#### AIM OF THE EXERCISE
Drop the pictures; give again exactly the lines from the one holding "Xerox B205/NI MFP" through the end of the data.

#### RECORDED INFORMATION
=== Section Start ===

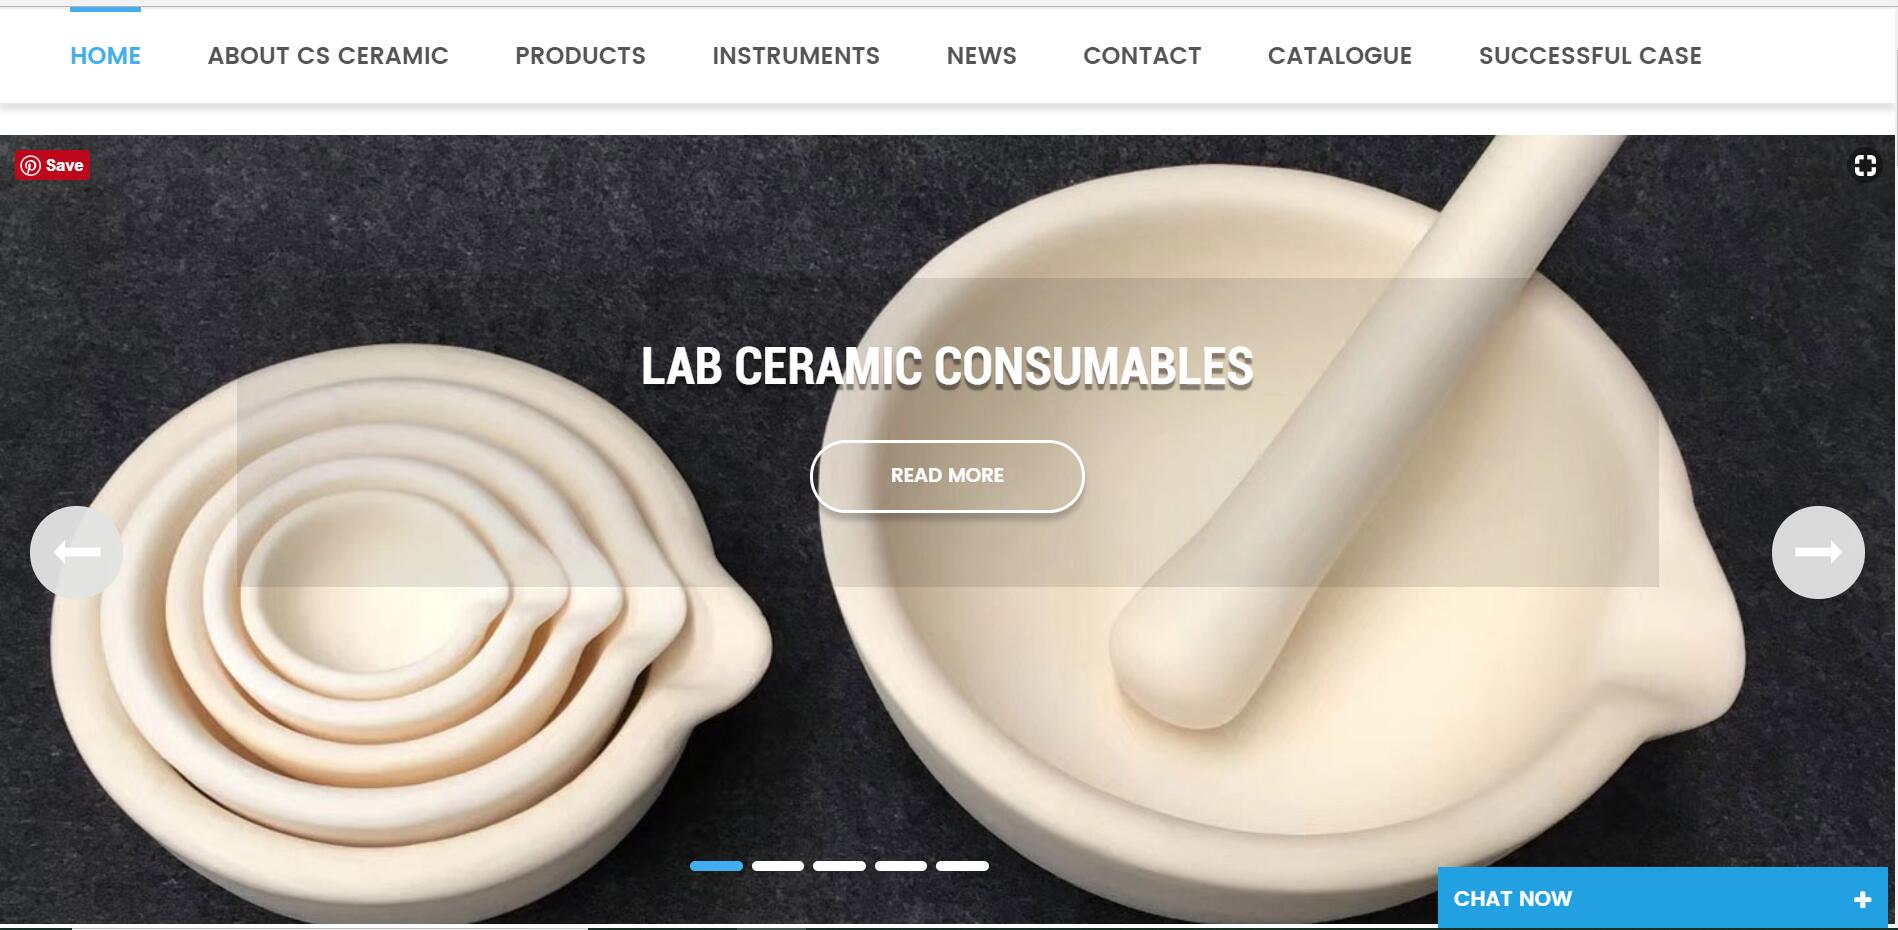 Site-ul oficial CS ceramic are acum zece tipuri de interfețe lingvistice
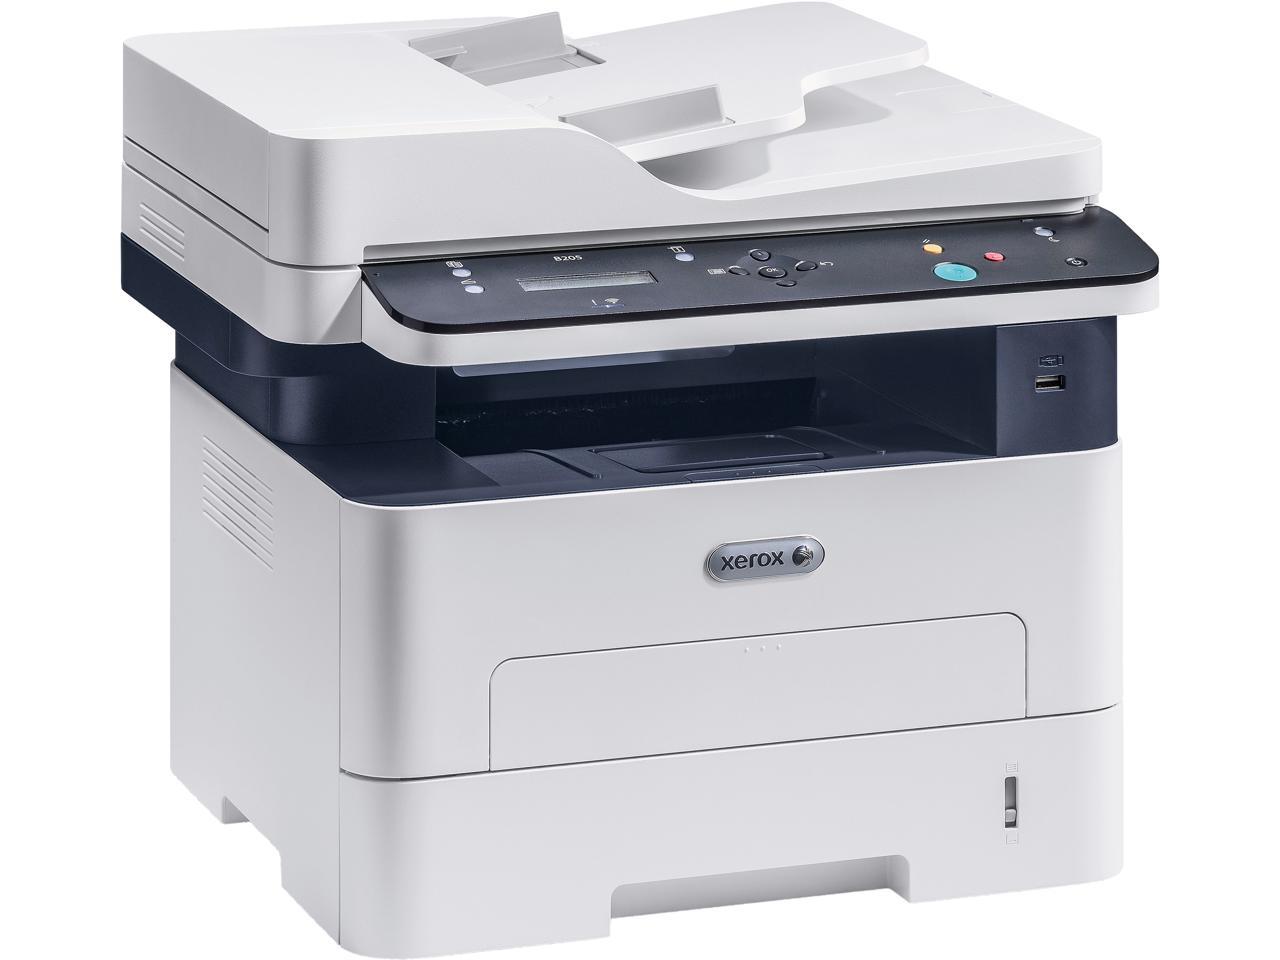 Xerox B205/NI MFP Wi-Fi Multifunction Printer
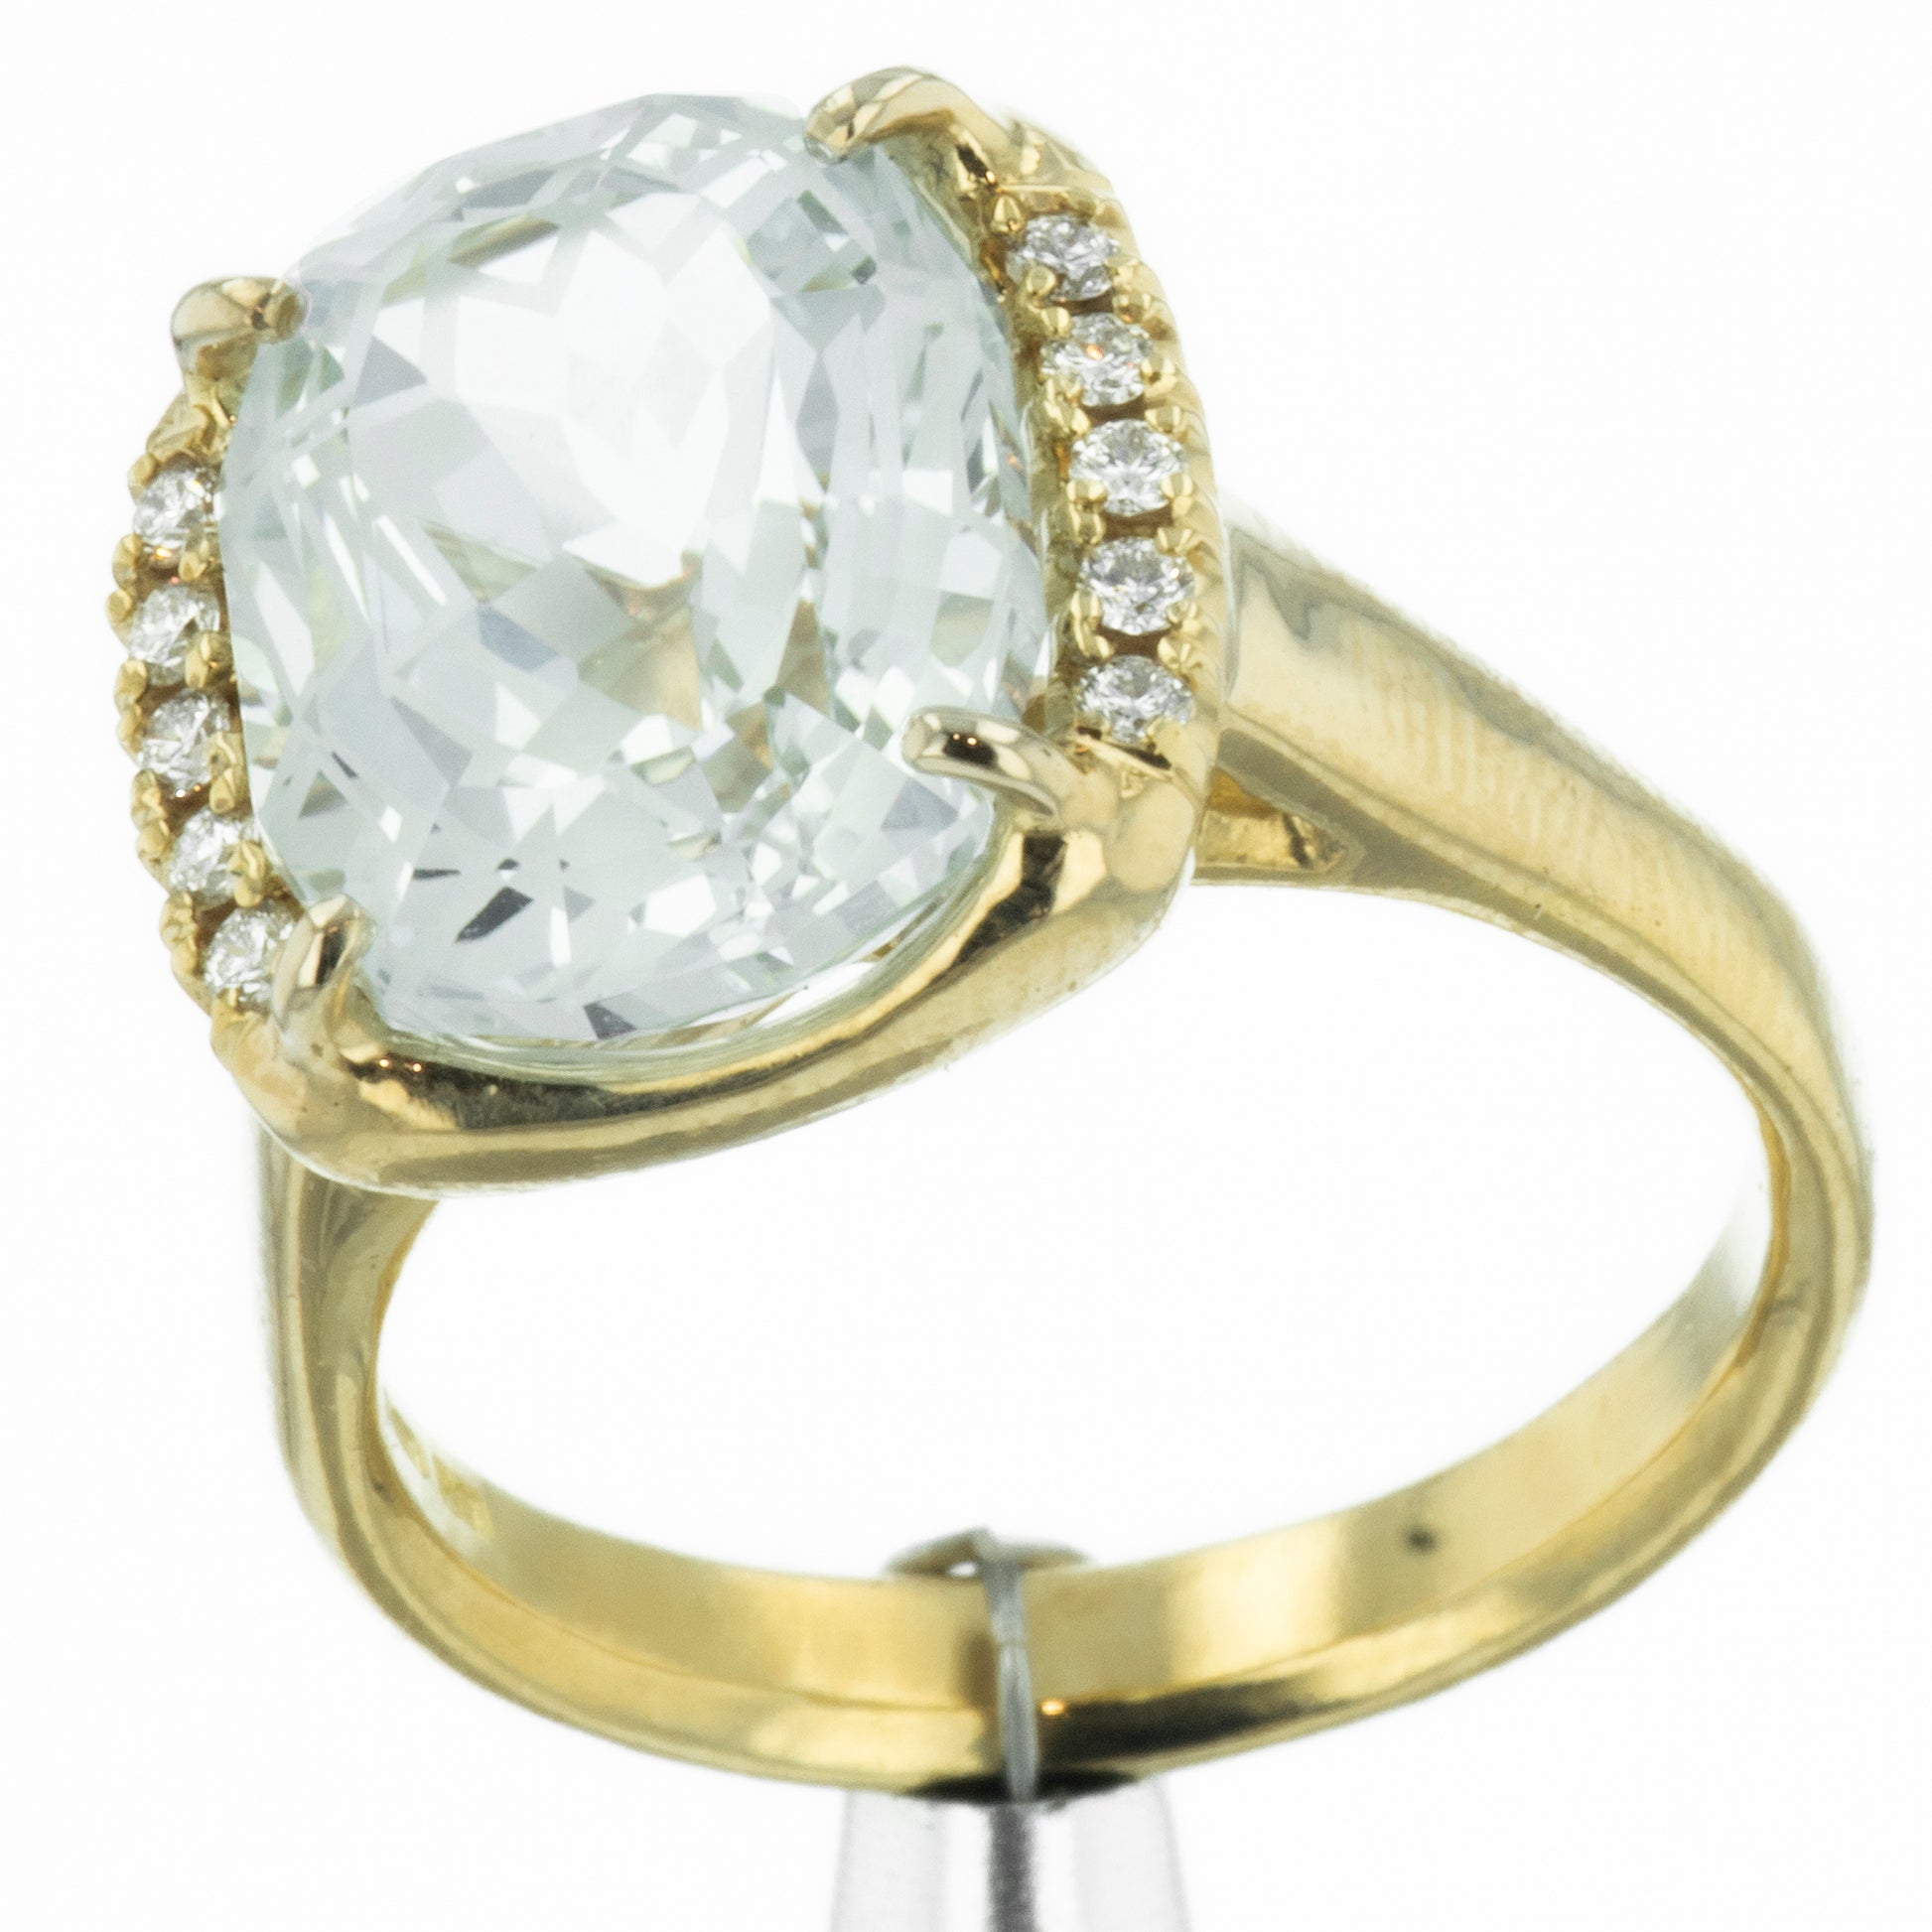 Topaz engagement ring

=== Section End ===

#### RESPONSE BOX
 Xerox B205/NI MFP Wi-Fi Multifunction Printer
 Topaz engagement ring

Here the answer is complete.